Myths are products of the unconscious and reveal its workings. Jung wrote that “myths are original revelations of the preconscious psyche, involuntary statements about unconscious psychic happenings.”[i] Jung believed that myths and dreams spring from a common source – that they both draw from to the same aquifer of universal images. “The whole world of myth of fable is an outgrowth of unconscious fantasy just like the dream.”[ii] Jung believed that the motifs found in dreams and myths were so similar that they were nearly identical.

Dreams, being statements of the unconscious, play no small part in the therapy….The indubitable occurrence of archetypal motifs in dreams make a thorough knowledge of the spiritual history of man indispensable for anyone seriously attempting to understand the real meaning of dreams. The likeness between certain dream motifs and mythologems is so striking that they may be regarded not merely as similar but even identical. This recognition not only raises the dream to a higher level and places it in the wider context of the mythologem, but, at the same time, the problems posed by mythology are brought into connection with the psychic life of the individual.[iii]

Joseph Campbell adds some nuance to Jung’s assertion that myth and dream originate from the same source. He contends that myths are produced with the help of consciousness, and contain not merely upwelling of instinctual wisdom, but the distillation of generations of lived knowledge.

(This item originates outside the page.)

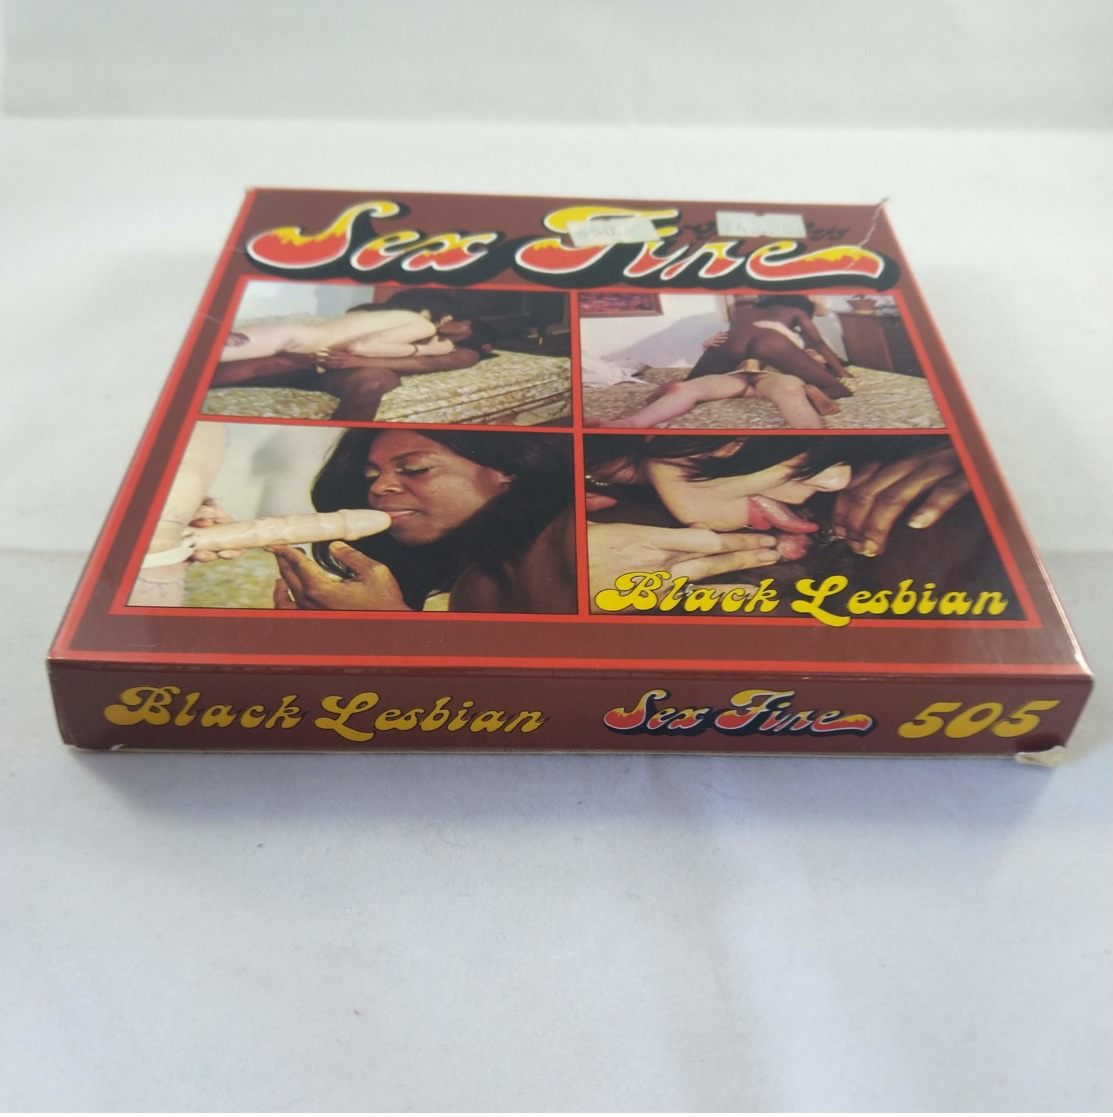 Vintage XXX Adult Super 8mm Movie - Black Lesbian Sex Fire 505 - Autres Formats

If we are to grasp the full value of the materials, we must note that myths are not exactly comparable to dream. Their figures originate from the same sources – the unconscious wells of fantasy – and their grammar is the same, but they are not the spontaneous products of sleep. On the contrary, their patterns serve as a powerful picture language for the communication of traditional wisdom. This is true already of the so-called primitive folk mythologies. The trance-susceptible shaman and the initiated antelope-priest are not unsophisticated in the wisdom of the world, not unskilled in the principles of communication by analogy. The metaphors by which they live, and through which they operate, have been brooded upon, searched, and discussed for centuries – even millenniums; they have served whole societies, furthermore, as the mainstays of thought and life. The culture patterns have been shaped to them. The youth have been educated, and the aged rendered wise, through the study, experience, and understanding of their effective initiatory forms. For they touch and actually bring into play the vital energies of the whole human psyche. They link the unconscious to the fields of practical action.[iv]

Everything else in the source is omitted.